Using the tight binding module from Python

Calculations without charge self-consistency

Atomistica's ASE interface exposes a simplified interface to the tight-binding module that can be used for calculations that do not require charge self-consistency.

from atomistica import TightBinding
...
c = TightBinding(width=0.01)
a.set_calculator(c)
...

The parameter width determines the electronic temperature. There is an additional parameter database_folder that can be used to specify the location of the Slaster-Koster database. The default is to use the current folder.

Charge self-consistent calculations

For self-consistent calculations the native Atomistica interface needs to be used to piece together tight-binding and Coulomb solvers. The Coulomb solver consists of a long-ranged and a short-ranged part. Currently only direct summation is supported for the long-ranged part. The short ranged part can be used to specify either Slater or Gaussian charges.

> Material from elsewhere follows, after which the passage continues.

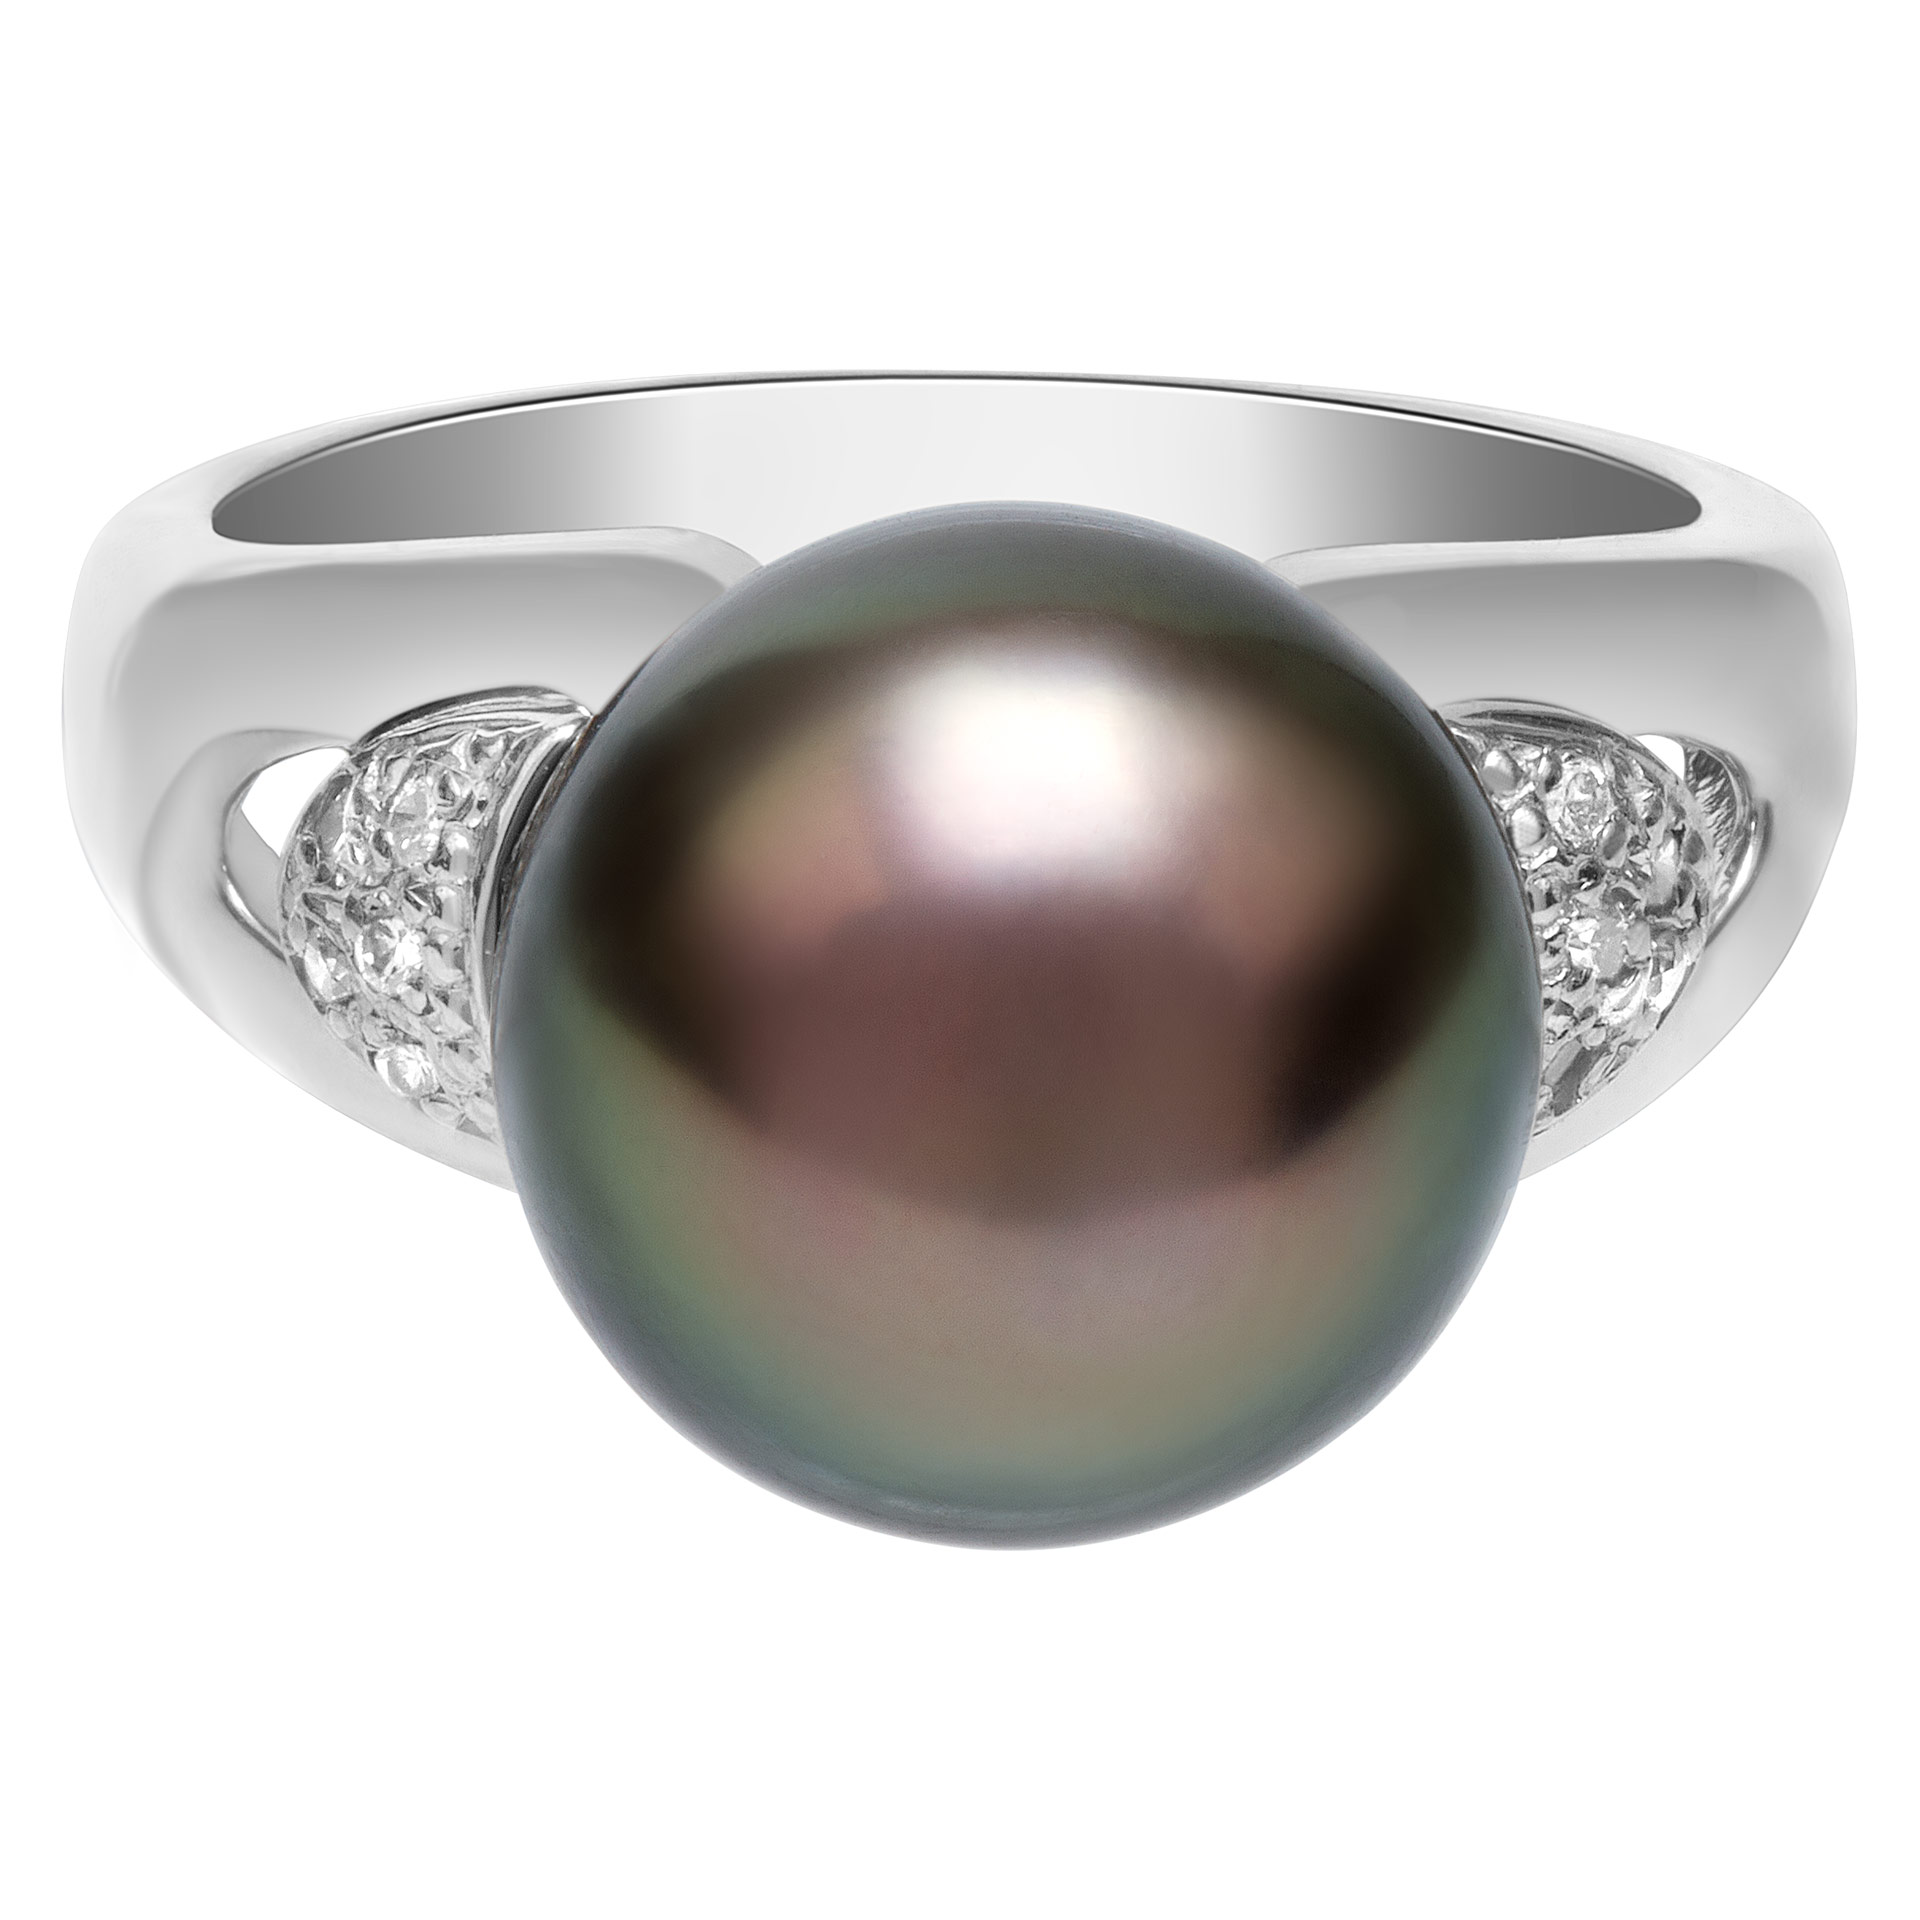 11.3mm black pearl ring in platinum with diamond accents. Size 5.75

from atomistica import Atomistica
from atomistica.native import TightBinding, DirectCoulomb, SlaterCharges

c = Atomistica([TightBinding(SolverLAPACK=dict(electronic_T = 0.01),
                             SCC=dict(dq_crit=1e-4,
                                      mixing=0.1,
                                      andersen_memory=4,
                                      maximum_iterations=250,
                                      log=True)),
                DirectCoulomb(),
                SlaterCharges(cutoff=10.0)],
               avgn=1000)
a.set_calculator(c)

In the above example SolverLAPACK can be replaced by SolverCP (with an empty dictionary because it does not take any parameters). SolverCP is an implementation of the canonical purification solver by Palser & Manolopoulos implemented for dense matrices and non-orthogonal systems. For dense matrices, LAPACK is generally faster than canonical purification.